Have you ever wondered how Valve created its memorable characters in Portal or Team Fortress 2? Perhaps you've been curious to know how the studio manages to write games that are actually funny? If so, you're in luck, as three of Valve's top writers answer these questions – and much more – in the above GDC Vault video.

In this roundtable discussion from last year's GDC Online, Valve writers Erik Wolpaw, Marc Laidlaw, and Ted Kosmatka took a moment to answer audience questions about nearly all aspects of the company's creative process, from crafting virtual worlds, to writing clever dialogue, and much more.

When asked about Valve's silent protagonists, for instance (think Portal or Half-Life), the trio explained that creating a character that doesn't speak is actually a huge challenge, as it really limits what a game writer can do in any given scenario.

When writing for Portal 2, for instance, Valve created a number of scenes in which the main character [SPOILER] is forced to partner with the antagonist, GlaDOS, and the team wanted to create some fun buddy-cop style banter between the two characters.

"It honest to god didn't occur to us that the buddy-cop thing doesn't work if one of you is quiet," Wolpaw said. "It’s funny now, but at the time it was a true moment of incredible panic when we realized we had painted ourselves into a corner."

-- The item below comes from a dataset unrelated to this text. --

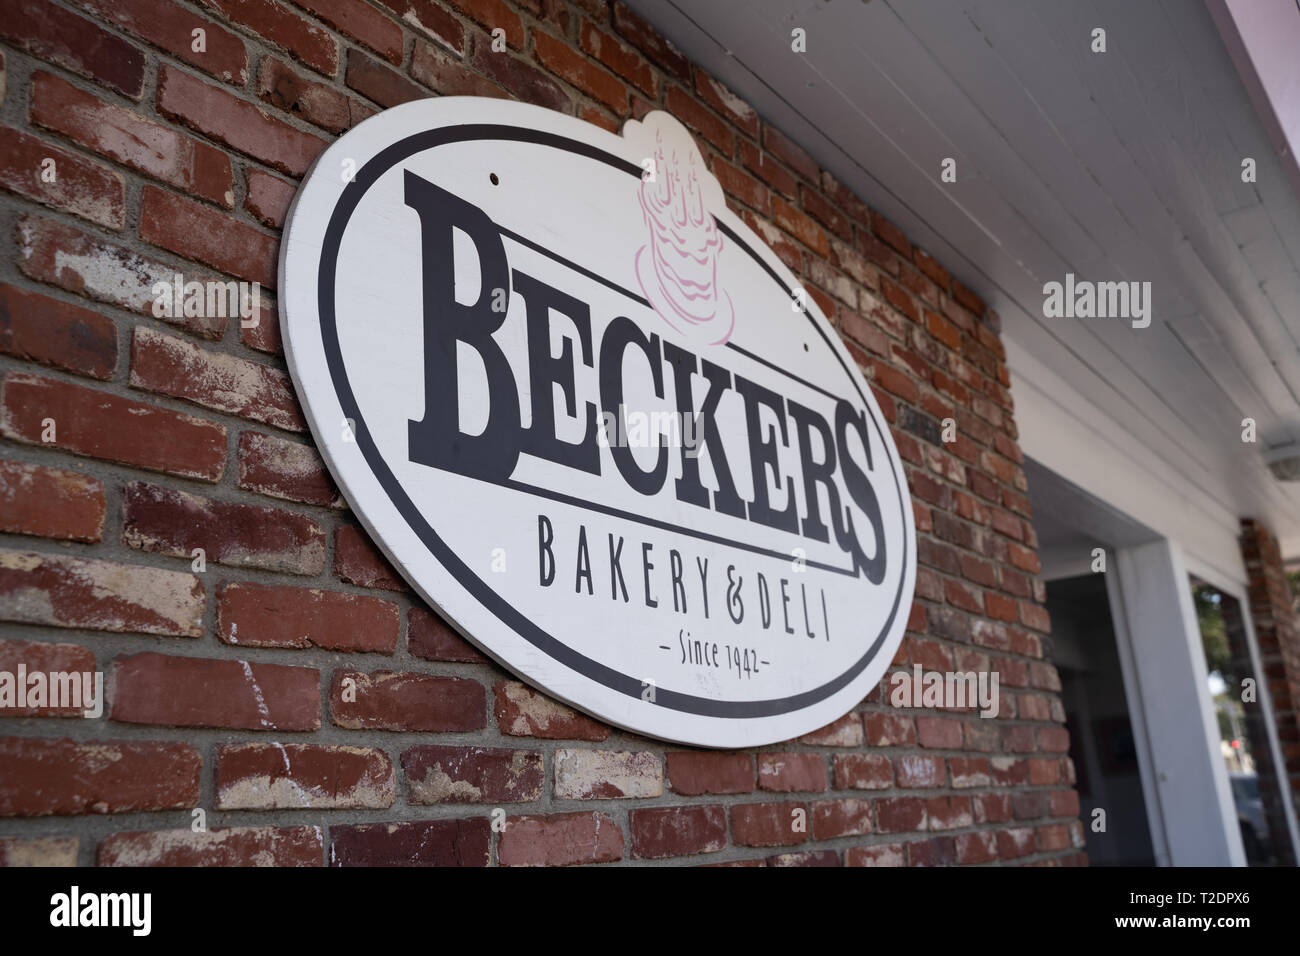 Manhattan Beach, California - Marzo 26, 2019: segno per Beckers panetteria e Deli nel centro cittadino di Manhattan Beach in California del Sud Foto Stock

"[Creating a silent protagonist] is not something I would recommend," Laidlaw added. "It's an interesting challenge, and it's always great to have limitations on your design," but developers will often spend most of their time just trying to work around the limitations of their mute hero.

Throughout the rest of their panel, the writers offered even more off-the-cuff thoughts on how they approach writing and game development, and you can check out the full presentation for yourself in the above video.

About the GDC Vault

In addition to this presentation, the GDC Vault offers numerous other free videos, audio recordings, and slides from many of the recent GDC events, and the service offers even more members-only content for GDC Vault subscribers. Those who purchased All Access passes to events like GDC and GDC Europe already have full access to GDC Vault, and interested parties can apply for the individual subscription Beta via a GDC Vault inquiry form.

Group subscriptions are also available: game-related schools and development studios who sign up for GDC Vault Studio Subscriptions can receive access for their entire office or company. More information on this option is available via an online demonstration, and interested parties can send an email to Gillian Crowley. In addition, current subscribers with access issues can contact GDC Vault admins.

Be sure to keep an eye on GDC Vault for even more new content, as GDC organizers will also archive videos, audio, and slides from upcoming 2012 events like GDC Online and GDC China. To stay abreast of all the latest updates to GDC Vault, be sure to check out the news feed on the official GDC website, or subscribe to updates via Twitter, Facebook, or RSS.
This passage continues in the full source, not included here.